Background: I have been asked to build a desk for some married friends. The know of my lack of practice and don’t care. They are willing to buy the lumber, and I’m thinking of using Cedar. Outside of the top of the desk and the posts that support it, I will be using 1” lumber. He wants it in the shape of the Chiefs Arrowhead.

I am curious about the need for glue in a couple areas. Where the side and back panels will sit in my three supporting posts, I am going to use blind mortises and tenons. I am going to use solid lumber construction for the panels and am thinking about tongue and grove to keep the individual boards that make up the panel together. Question is, would you advise gluing the two individual boards together at the tongue and grove and would you use glue on the tenons? Would it be possible to let the lumber float? I am worried about shrink/swell as I live in Southwest Missouri and the humidity can be a bear. I am trying not to use any metal in the entire desk except for the keyboard tray and a set of door hinges.

Ideal final dimentions for the panels are 13”x35.25”x 1” and 22”x21”x1”. I plan on using 1”x8” lumber to make these panels.

Thanks for your advice.

-- No Farmers = No Food

2 replies so far

View a1Jim's profile


115167 posts in 2995 days

#1 posted 05-05-2009 08:10 PM

Hey xhandel
All things considered not being able to see your design all I can do is generalize. Most projects use glue the types that don’t use glue usually have pegs of some sort holding it together. The main thing besides the type of joinery is having a cross grain problem because wood expands and contract with a change in humidity. Some cross gluing goes on were tenons are glued into mortises but usually that’s not a problem unless the area is large like that of a bread board end. There are ways to help avoid problems even with bread boards.

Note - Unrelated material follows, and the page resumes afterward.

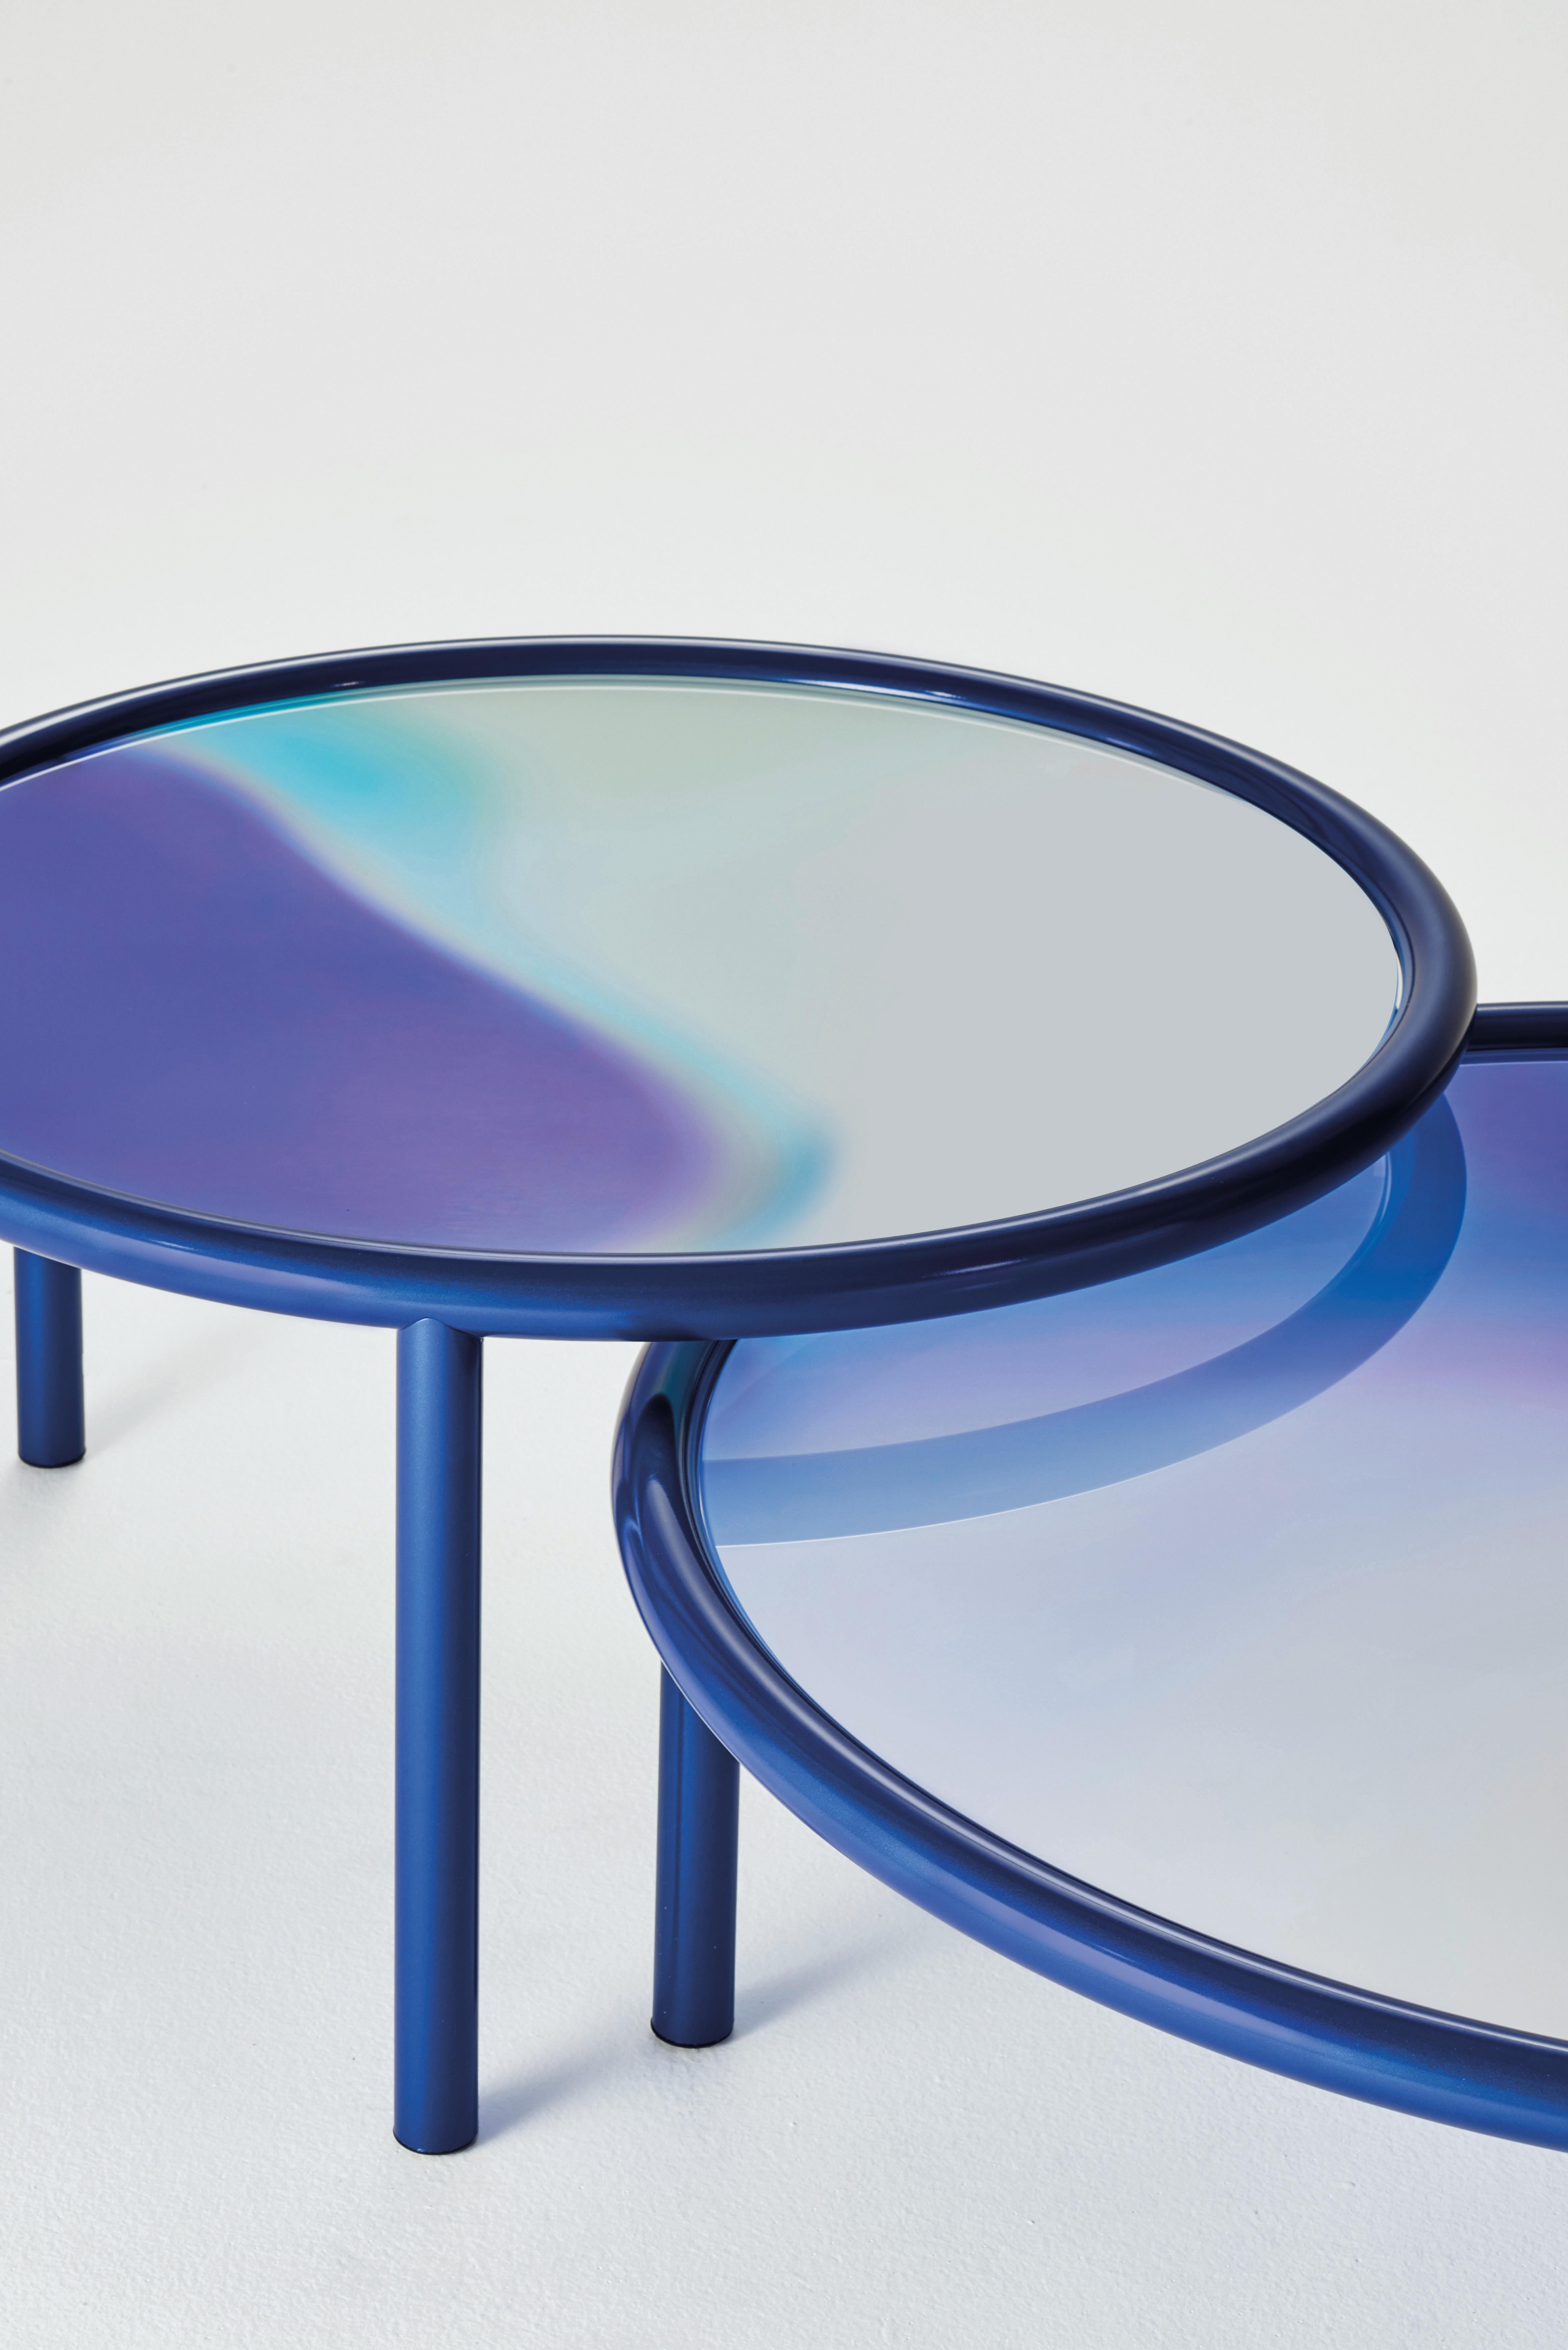 Low round tables with tubular metal structure painted midnight blue or copper colour in a special metallic opaque finish. The top, in laminated glass, is a palette of colors on a mirrored background, blending and mixing with one another like gas or

That said in general a desk many times has frame and panel construction were there are picture frame type edges and a solid or plywood as a panel that is not glued in the middle of the frame. If you are using cedar you will have relatively soft wood therefore will not be as strong as an oak or other woods so you should be careful how much wood is left around your mortise and not have to thin of tenon. As far as having individual t & g boards with out glue in your frame and panel it should not be a problem depending on your design. One other area were wood movement can be a problem is how you attach the top ,it should be connected with hardware such as figure 8s or wood tongs that fit in a groove in your apron and or panels. There are also ways such as sliding dovetails the can accomplish the same task. Hope this helps

-- Custom furniture

View kimball's profile


323 posts in 2715 days

#2 posted 05-28-2009 06:09 PM

Jim is sopt on. On the cynical side, Just make it divisable by 2.